# Problems Printing Multi-Color Plastisol w/Underbase



## miktoxic (Feb 21, 2008)

So this is the first real problem i've had when doing a multi-color job on black tees.

the design is white, grey and red on black. i have three screens. the white prints under the whole design. i print white. then flash then print another. in past jobs i would just print the 2nd white pass leave wet. then the other 2 colors wet on wet.

well for some reason this process isn't working because if i leave the 2nd pass white wet, the 2nd color grey screen after printing pulls up some of the white and the same goes with the 3rd color screen (red) which pulls up the grey.

the only way i've been able to do this is by flashing every color up to the last which is making this job take three times longer to do than it should. i don't know if it's the off contact which i've tried to adjust by taping some quarters where the screen hits the pallet on neck line to no avail. don't know if it's the ink. don't know if it's the tension in the mesh (restretched my own for the grey and red). really stumped.

i've printed the bulk of the job but had a half a dozen screwups and had to order more shirts. now i'm nervous to even touch this thing.

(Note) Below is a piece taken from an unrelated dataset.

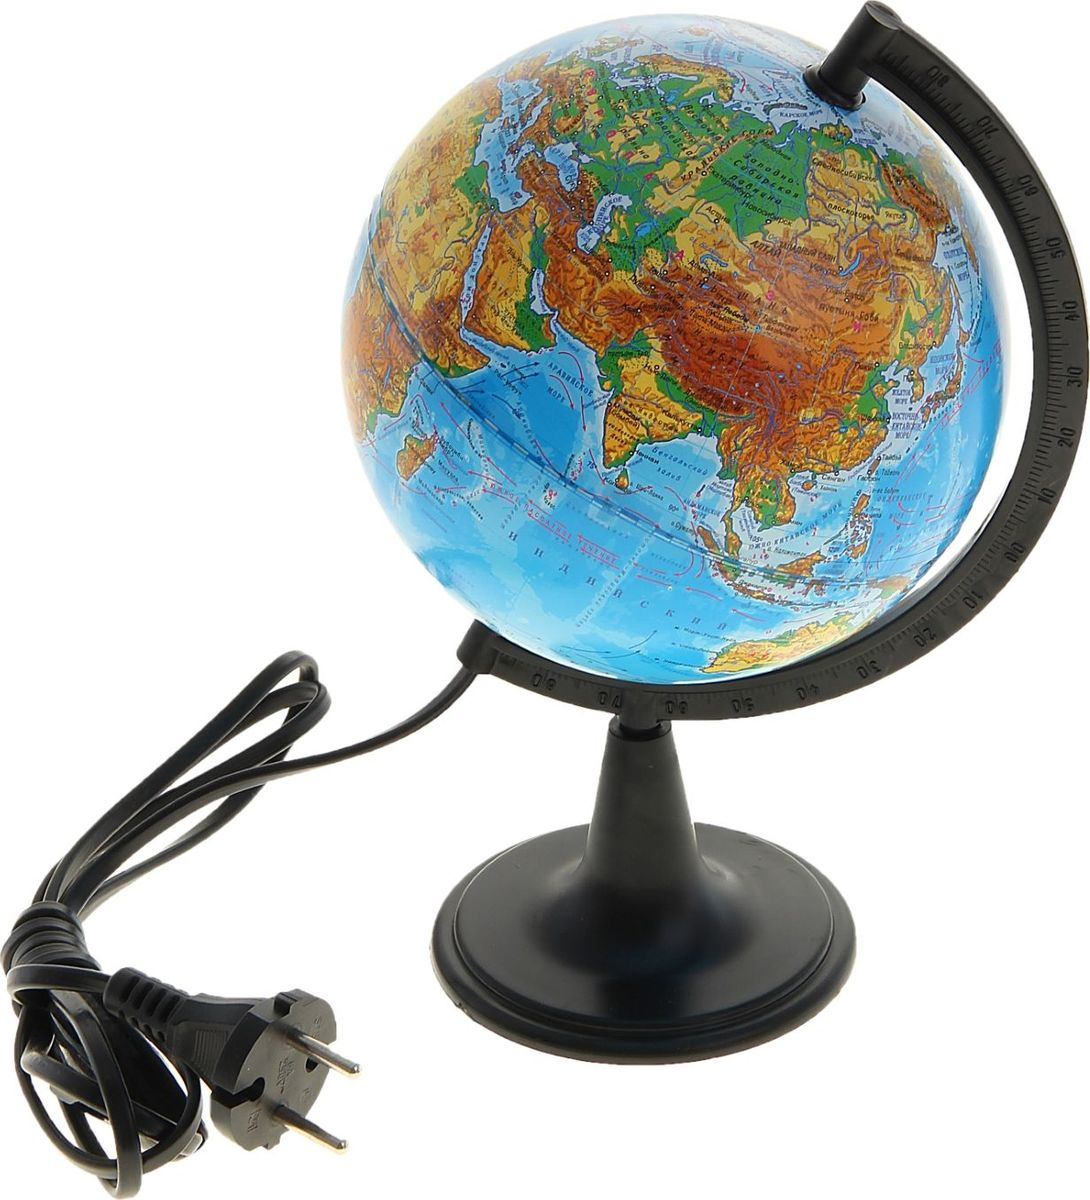 Глобусный мир Глобус физический с подсветкой диаметр 15 см1065208Глобус для всех, глобус каждому!Глобус — самый простой способ привить ребенку любовь к географии. Он является отличным наглядным примером, который способен в игровой доступной и понятной форме объяснить понятия о планете Земля.Также интерес к глобусам проявляют не только детки, но и взрослые. Для многих уменьшенная копия планеты заменяет атлас мира из-за своей доступности и универсальности.Умный подарок! Кому принято дарить глобусы? Всем! Глобус физический диаметр 150 мм, с подсветкой — это уменьшенная копия земного шара, в которой каждый найдет для себя что-то свое.путешественники и заядлые туристы смогут отмечать с помощью стикеров те места, в которых побывали или собираются их посетитьделовые и успешные люди оценят такой подарок по достоинству, потому что глобус ассоциируется со статусом и властьюпреподаватели, ученые, студенты или просто неординарные личности также найдут для глобуса достойное место в своем доме.Итак, спешите заказать настольные глобусы в нашем интернет-магазине по привлекательным ценам, и помните, кто владеет глобусом, тот владеет миром!

any help would be greatly appreciated. thanks in advance!!


----------



## 2020 PrintWorks (Apr 22, 2011)

I've never heard of anyone being able to overprint on white without flashing. Just flash the underbase and you should be fine. I rarely print wet on wet when theres an underbase unless it's simulated process.


----------



## Recie (Jun 27, 2014)

The only time I wouldn't flash between colors if if I want them to mix. If you are printing on top of the white base for color pop, you have to flash between colors.


----------



## Filth Ink (Jul 31, 2016)

You have to flash every round. Sorry


----------



## Scott Printing (Jul 1, 2016)

I agree with the above comments. You have to flash white ink prior to top coats. It might take a little longer but you won't F any shirts up.


----------